Through a diary, Raeve learns the truth: she IS Elluin Neván. Her memories have been suppressed, her identity hidden. She has a child named Kyzar who she doesn't remember. The manipulative Arkyn, the Scavenger King, has been exploiting Kyzari and scheming to claim the throne.
Raeve confronts Rekk Zharos in Bothaim, exacting brutal revenge for the death of her friend Essi. She reclaims her power, her agency, and her identity. But at the end, despite her bond with Kaan, despite the málmr that symbolizes their commitment, despite the truth of who she is Raeve chooses to leave. She walks away from Kaan and Dhomm, unwilling to risk the pain of attachment.
Kaan accepts her choice. And we're left knowing that Raeve's journey is far from over.

The world: three kingdoms and five gods
Before we get into the plot, you need the world map in your head. Sarah A. Parker built a world shaped by five elemental gods, populated by humans and dragons, and divided into three kingdoms. This matters because all of it comes back around.
The five elemental gods
The world runs on five elemental gods, and you need to know all five because they all come back around:
Caelis the god of Aether: the most mysterious and powerful of the five. Caelis's essence is trapped inside the Aether Stone, a powerful artifact that grants immense abilities while imprisoning the god who created it. Raeve's connection to Caelis is one of the central mysteries of the book.
Bulder the god of Ground: Raeve can hear Bulder's song, giving her the ability to manipulate earth and stone. This is one of the two elemental songs she hides.
Rayne the god of Water: Elemental rain plays a critical role in the story. It's a manifestation of Rayne's power that forces Raeve to confront emotions she's buried for years. When it rains, Raeve breaks.
Clode the god of Air: Raeve can also hear Clode's song, giving her wind manipulation abilities. The fact that she can hear TWO gods' songs is extraordinary and dangerous. It marks her as someone powerful enough to attract the wrong kind of attention.
Ignos the god of Fire: Fire elementals are common in The Burn, Kaan's kingdom, where volcanic activity and heat shape the landscape and its people.
The three kingdoms
The Burn: Ruled by Kaan Vaegor. Volcanic, warm, and free. Sabersythe dragons nest here. Kaan's capital city of Dhomm is vibrant, welcoming, and the opposite of what Raeve expects. This is where Raeve discovers what life looks like without oppression.
The Fade: Ruled by Cadok Vaegor.

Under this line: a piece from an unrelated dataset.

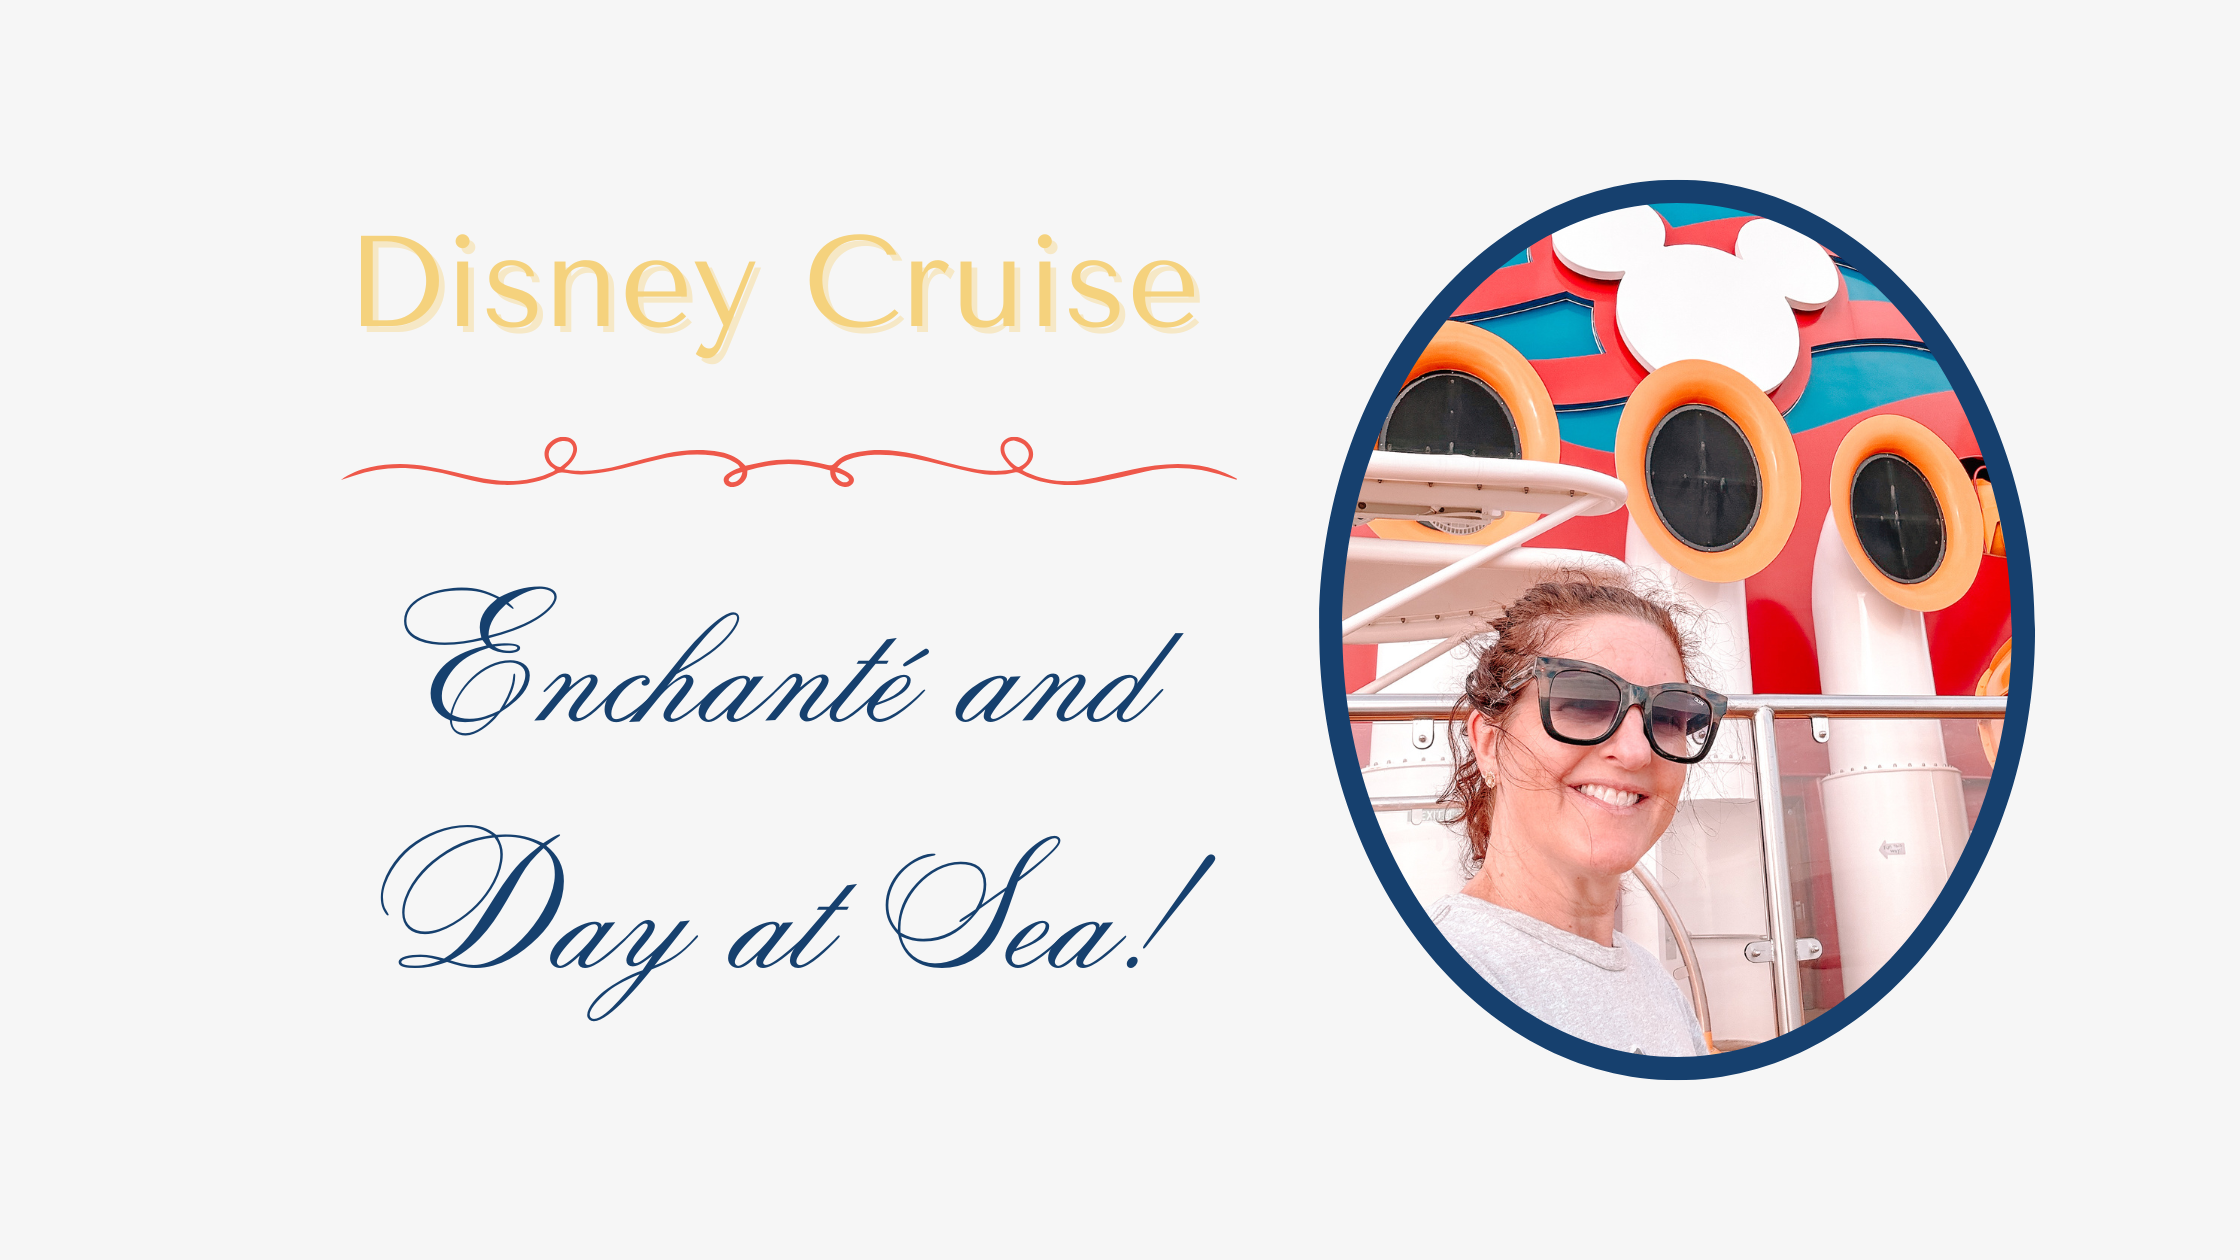 Disney Cruise: Enchanté and Day at Sea!
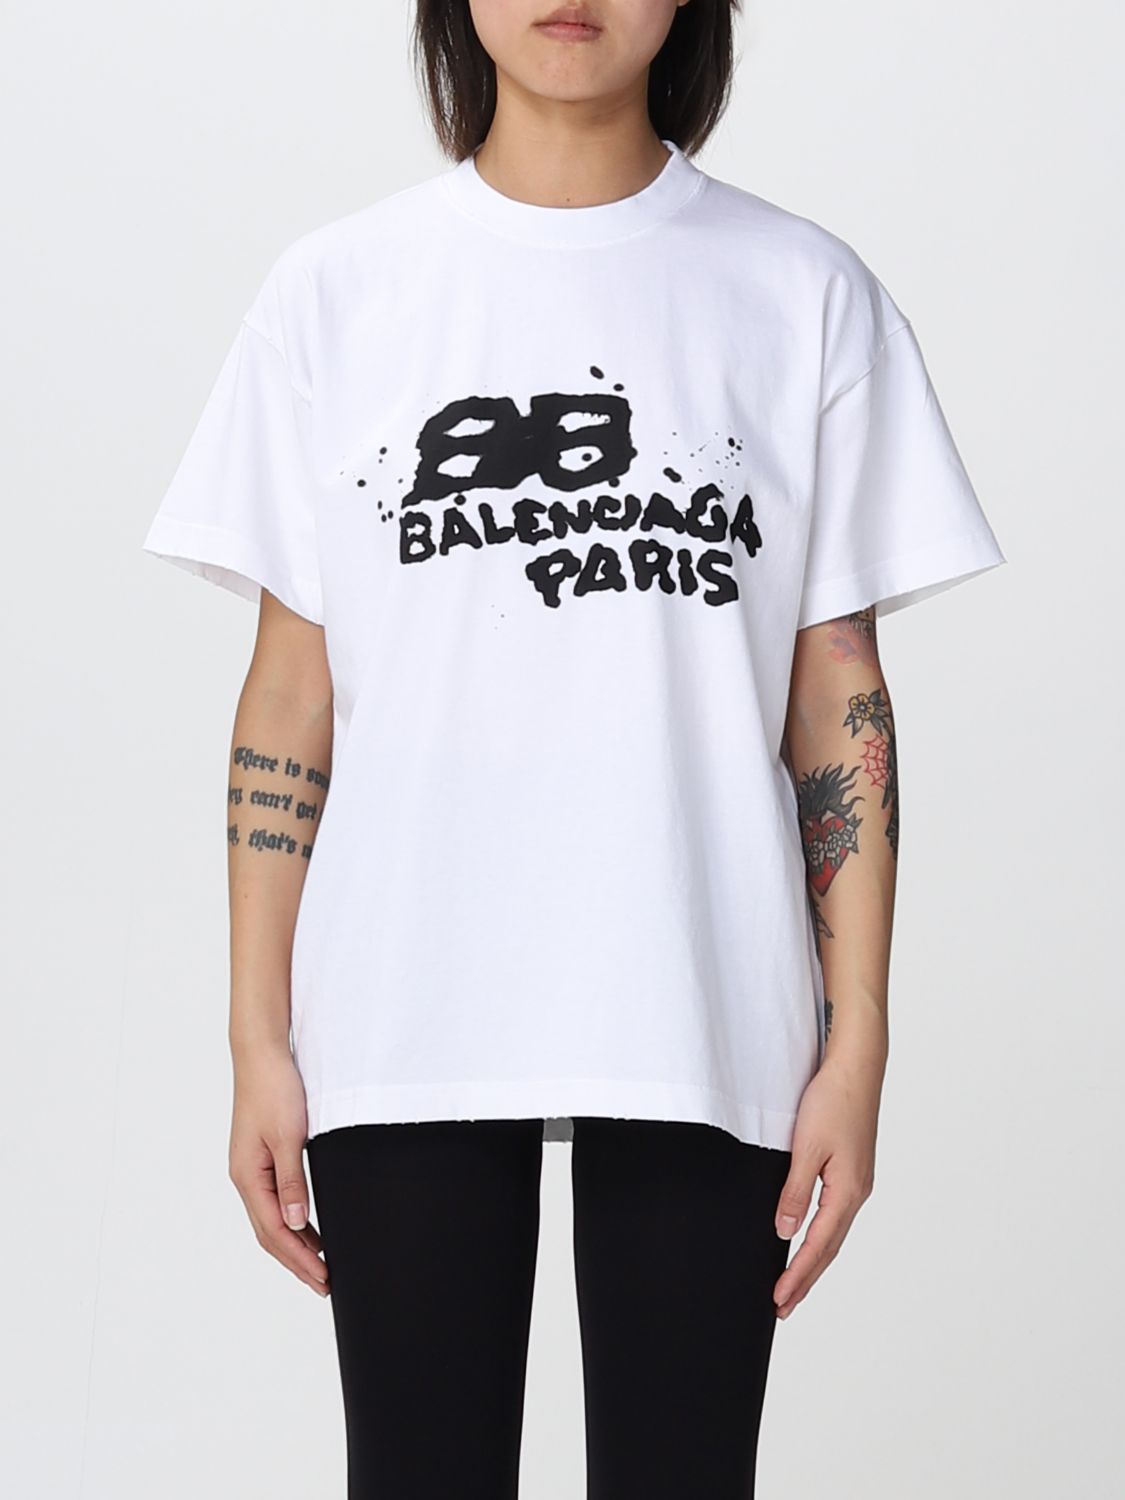 BALENCIAGA: with contrasting graffiti logo - White | Balenciaga t- shirt 612965TNVN4 online at GIGLIO.COM

The tyrannical kingdom where Raeve has been living undercover. Moltenmaw dragons nest here. Cold, cruel, and politically corrupt Cadok rules through fear. The Fíur du Ath resistance operates in the shadows.
The Shade: Ruled by Tyroth Vaegor. The most mysterious of the three kingdoms. Moonplume dragons nest here. Connected to the Neván family and by extension, to Raeve's true identity. Less is revealed about The Shade in book 1, but it's clearly being set up for a much larger role in the sequel.
The three Vaegor brothers share a history of rivalry, conflict, and betrayal that runs deeper than political borders. Their relationships with each other and with the women in their lives is one of the series' most complex threads.
The dragons
Sabersythes: The dragons of The Burn. Fierce, powerful, and loyal to Kaan's kingdom. A Sabersythe is the dragon that snatches Raeve from the coliseum during her execution.
Moltenmaws: The dragons of The Fade. Used by Cadok as instruments of execution. Raeve was sentenced to be fed to a Moltenmaw before Kaan intervened.
Moonplumes: The dragons of The Shade. Beautiful, ethereal, and connected to the moon. Líri, the injured Moonplume that Raeve bonds with, is one of the most important creatures in the book. Líri symbolizes suffering and resilience and her bond with Raeve mirrors Raeve's own journey toward healing.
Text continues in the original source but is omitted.